In answer to the questions posed by the title of this report, the answers are: 1). No, walking whales do not exist. Just because pakicetids have somewhat cetacean-like middle ears and cetartiodactyla-type double-pulleyed heel bones, this does not yet make them whales—unless of course one is willing to entertain the most ludicrously-strained definition of a whale. Perhaps pakicetids are walking whales just as firetrucks are tomatoes on wheels (since both firetrucks and tomatoes are red, and both are filled with water). 2). Owing to widespread so-called evolutionary convergence, a nested hierarchy of living things exists only in part. The more detailed the anatomical analysis, the more the nested hierarchy breaks down. While full-bodied chimeric creatures, such as mermaids and mermen, do not exist, somewhat lesser examples of chimeric creatures, of which pakicetids and mesonychids are notable examples, definitely exist.

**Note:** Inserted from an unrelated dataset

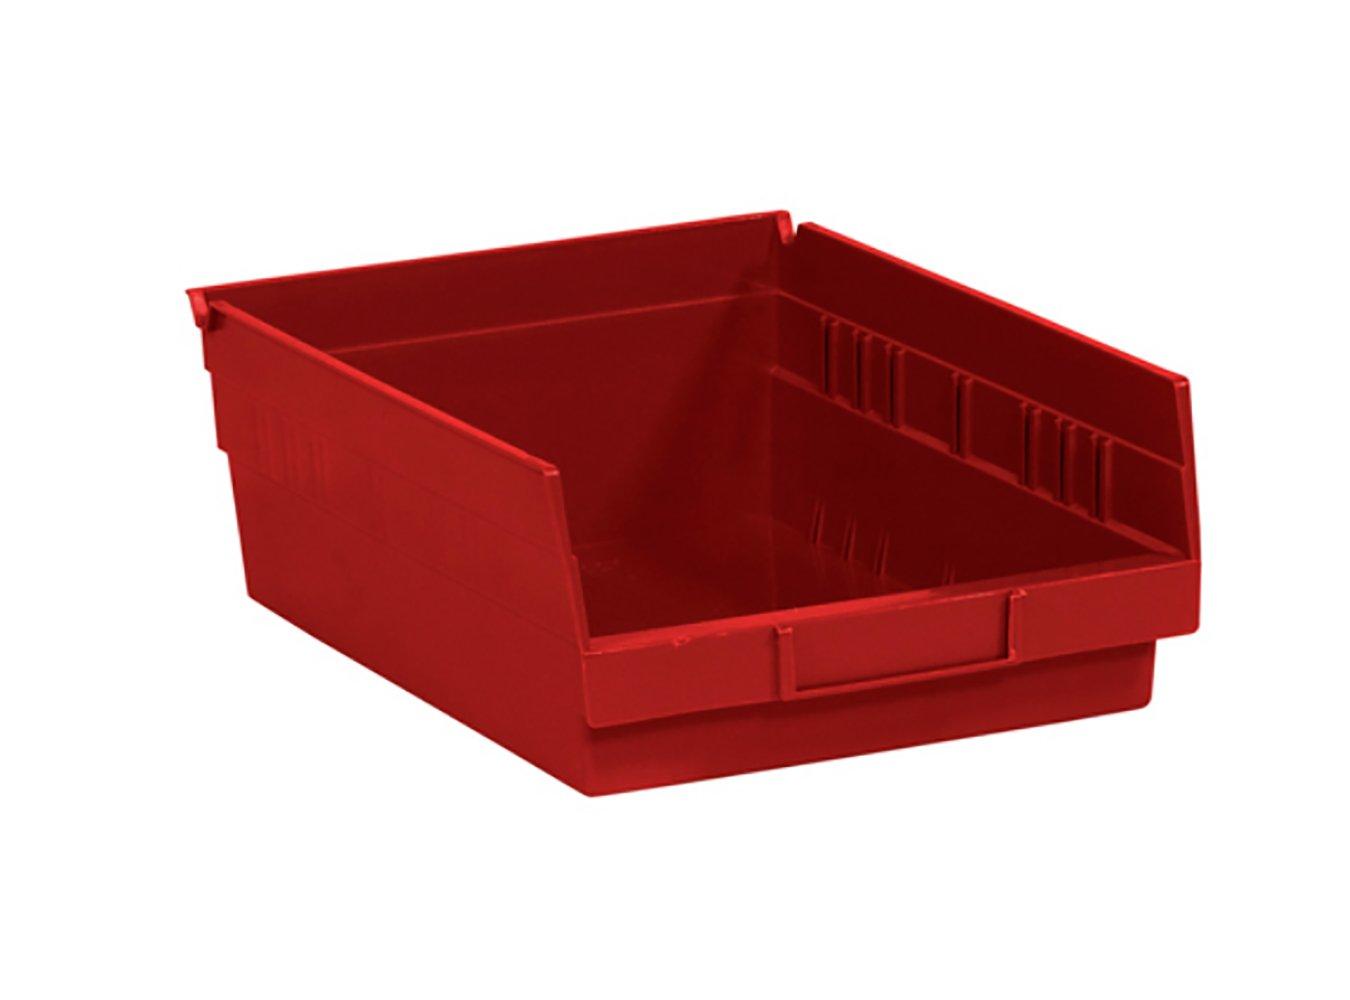 RetailSource Ltd BINPS104R RetailSource 11 5//8 x 8 3//8 x 4 Red Plastic Shelf Bin Boxes Pack of 20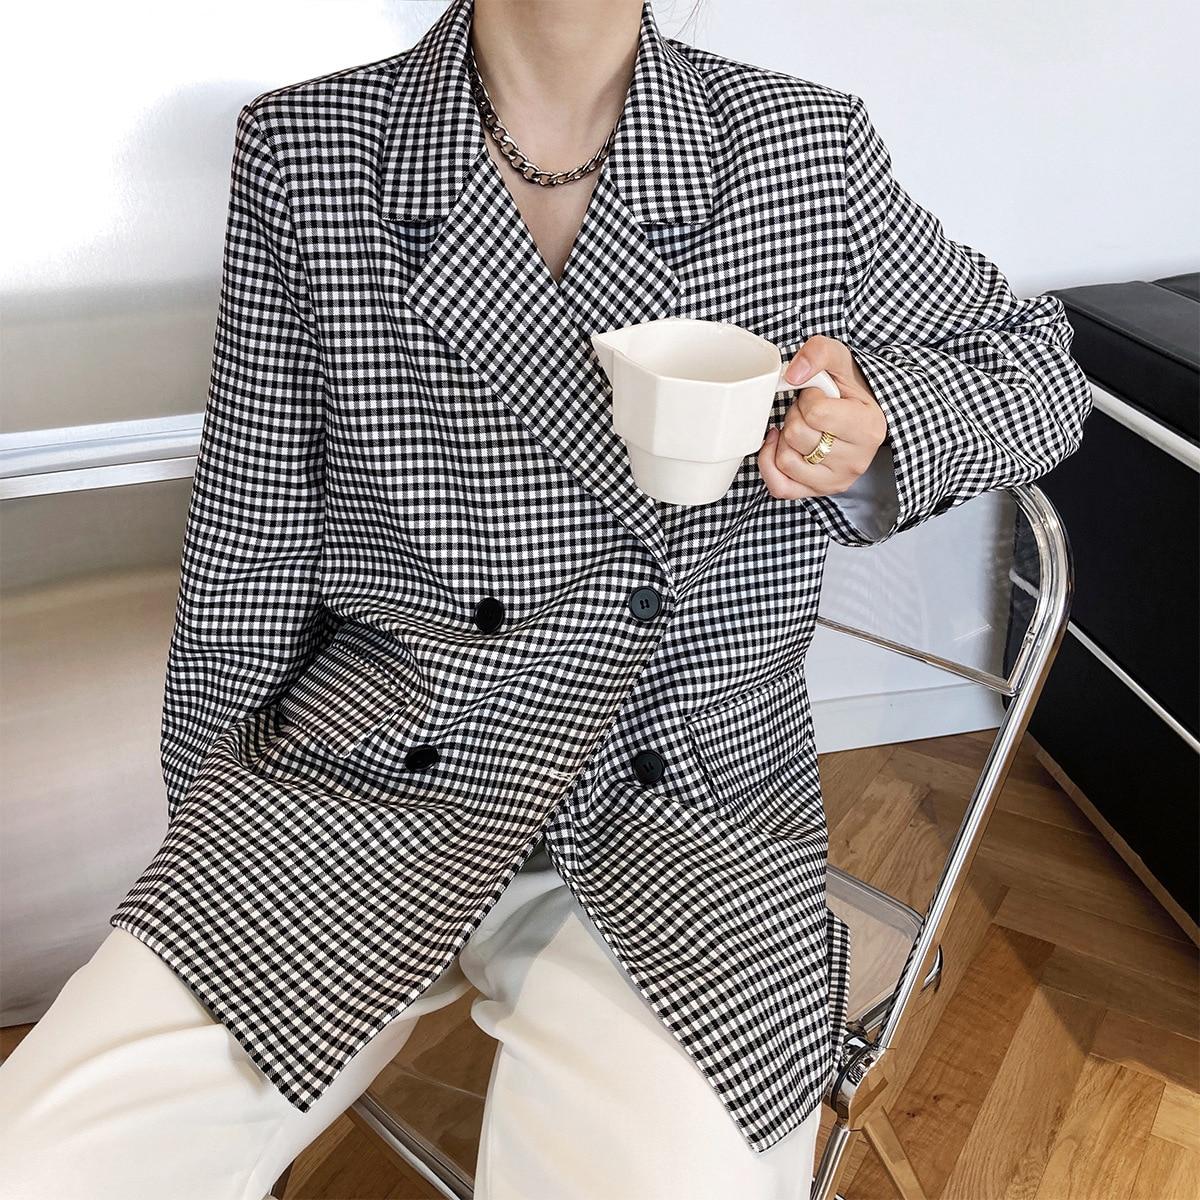 Korean Black White Plaid Suit Coat Women's Spring Autumn New Long Sleeve Double Breasted Loose Blaze

Whenever evolutionists make assertions about the limits of convergence, they do so on an after-the-fact basis.68 As ever-more-detailed examples of convergence are found, evolutionists are forced to backpedal, thus ‘moving the goalpost’ of conceivable convergence. For a long time, evolutionists had tacitly supposed that detailed convergences of clusters of traits (modules), such as the independent acquisition of cetacean-like teeth in mesonychids and cetaceans (Figure 5, right), were a virtual impossibility. What is there to stop the evolutionists from saying, in case of the discovery of a mermaid-like chimeric creature, that even more pronounced convergence of modular units can occur than previously supposed? Evolutionary theory is so plastic that any observation could be fitted into it. The apparent absence of extremely-chimeric creatures cannot, by any standard of reasoning, be accepted as evidence for evolution. To the contrary, the existence of less-extreme chimeric creatures, notably ‘fossil whales’, argues strongly against a common evolutionary ancestry of living things.